Restate, exactly as written, the entries below from the line that holds "Charles Bentley Jardín" through the line that holds "التلوين للاطفال رسومات للاطفال للتلوين". Pictures are not part of the copy.

**SUPPLIED ENTRIES:**
---------------
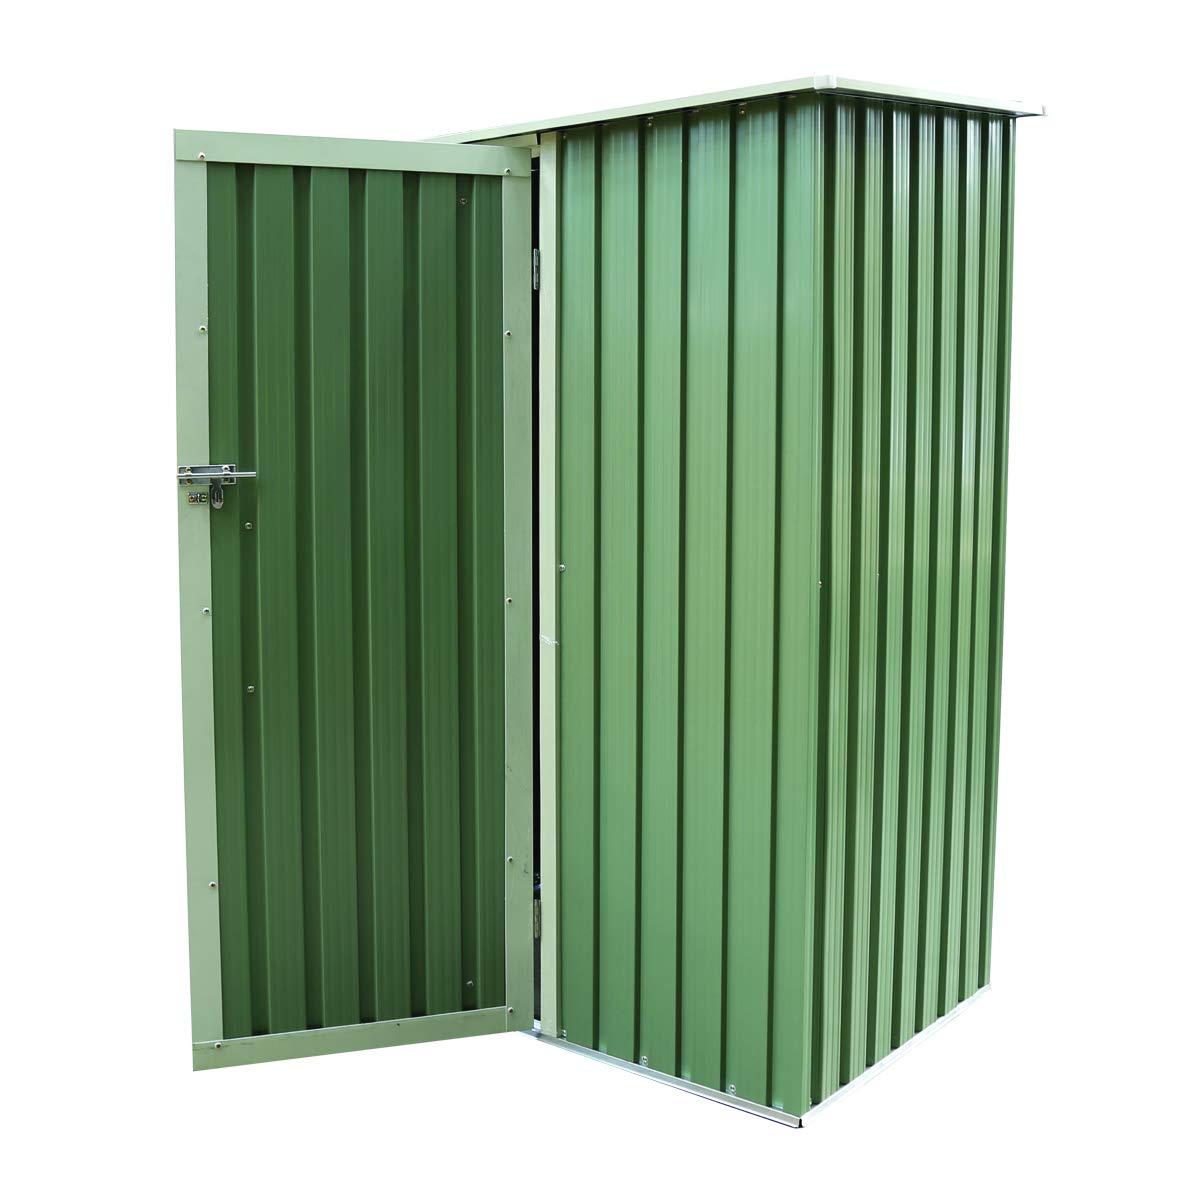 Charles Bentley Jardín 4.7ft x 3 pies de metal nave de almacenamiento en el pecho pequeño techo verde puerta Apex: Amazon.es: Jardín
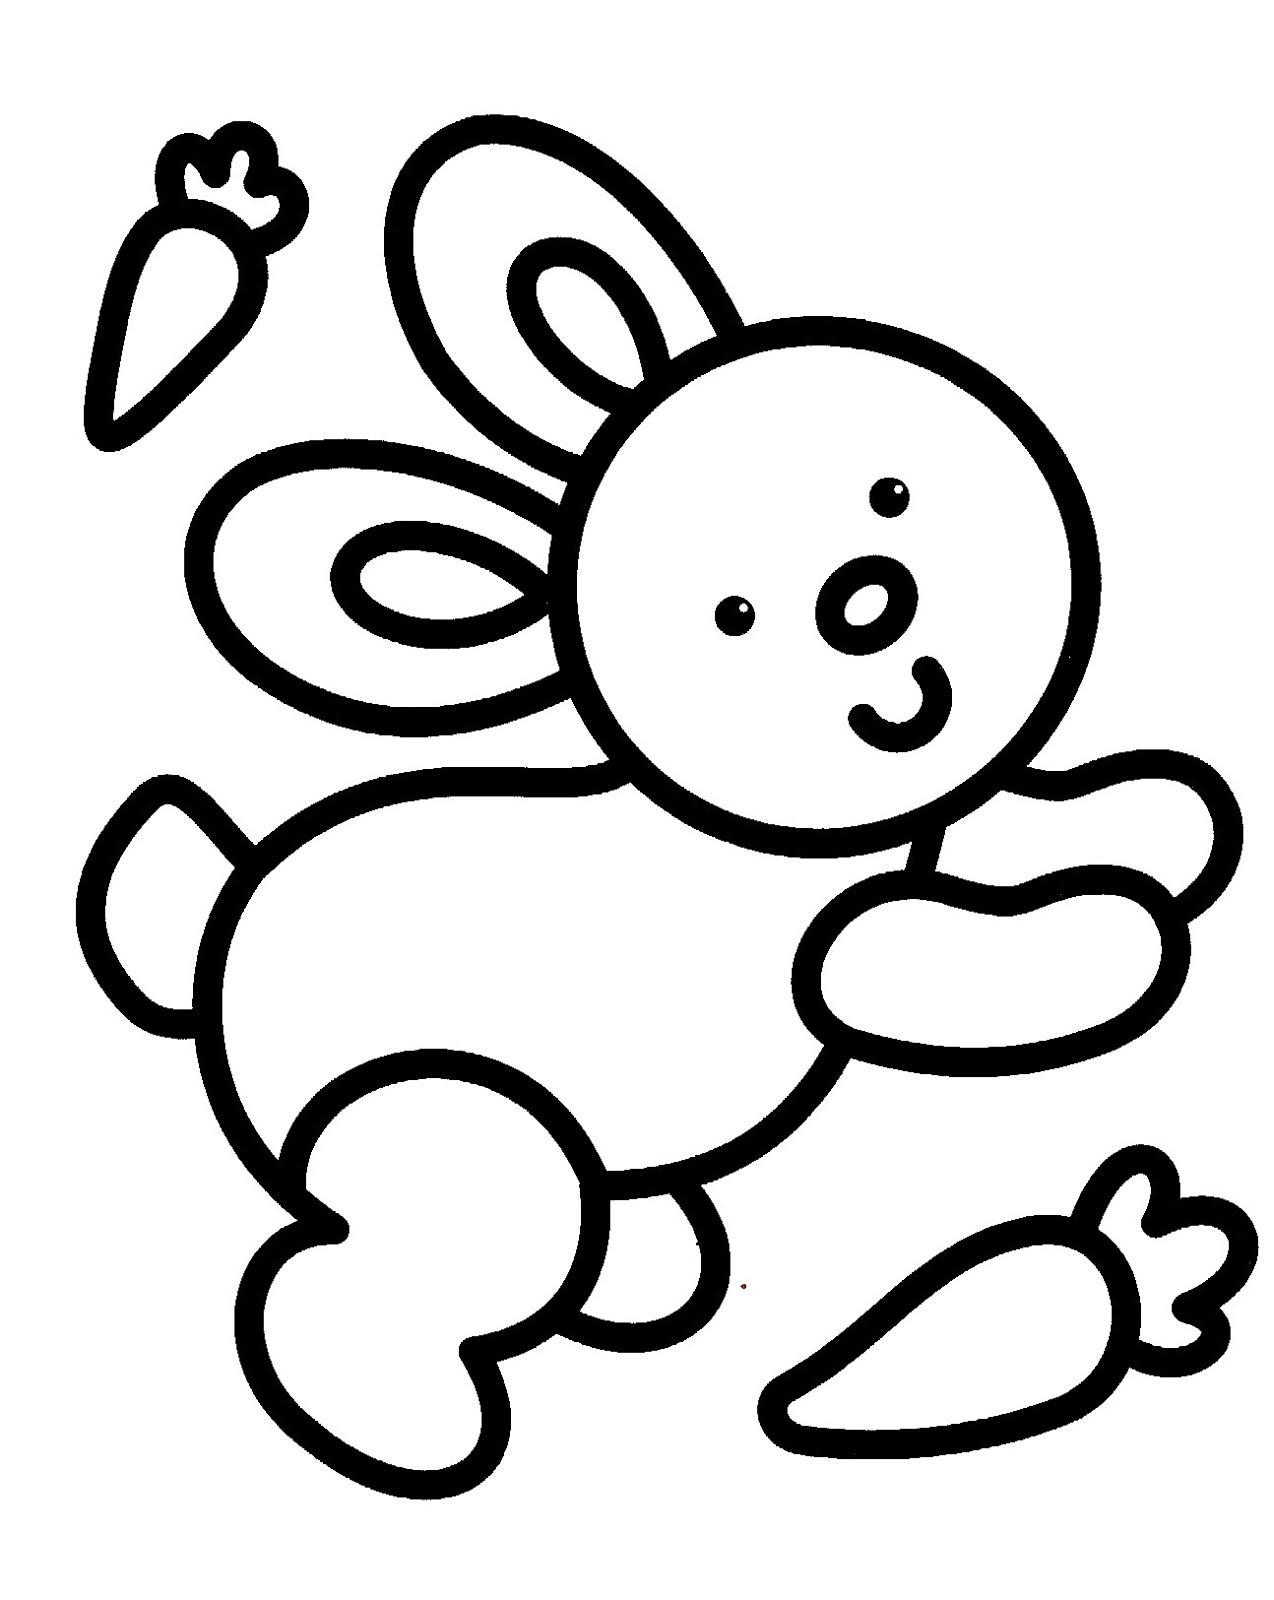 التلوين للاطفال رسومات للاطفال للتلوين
---------------
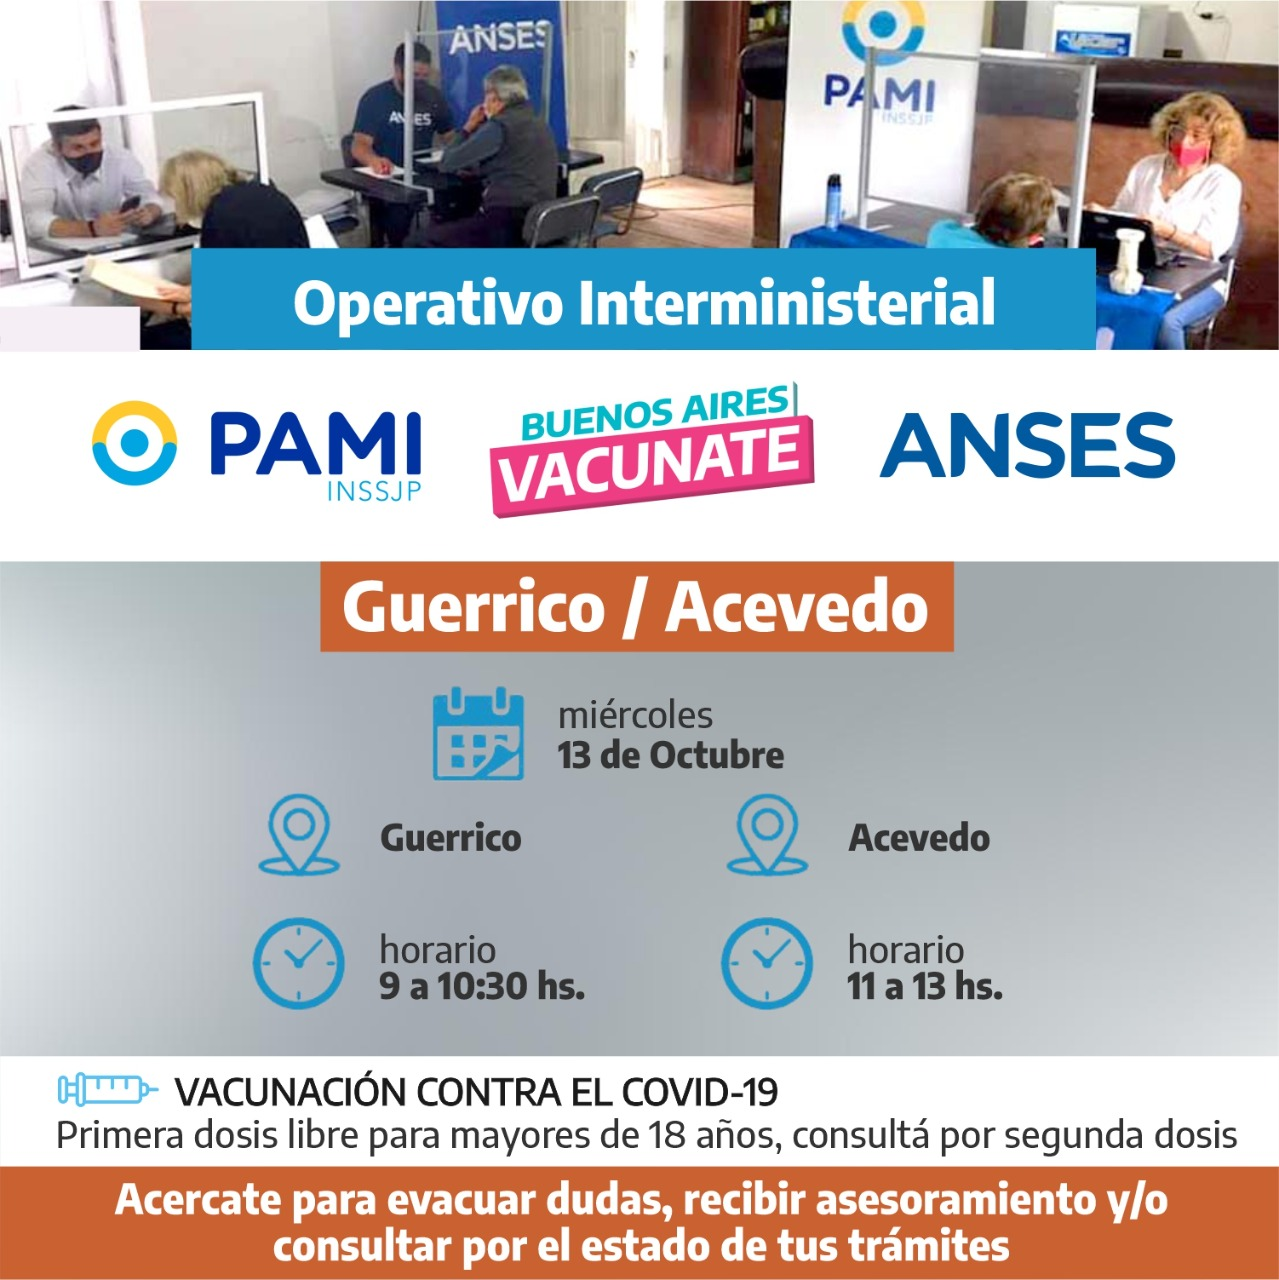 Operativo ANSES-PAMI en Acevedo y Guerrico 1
---------------
**ANSWER BOX:**
 Charles Bentley Jardín 4.7ft x 3 pies de metal nave de almacenamiento en el pecho pequeño techo verde puerta Apex: Amazon.es: Jardín
 التلوين للاطفال رسومات للاطفال للتلوين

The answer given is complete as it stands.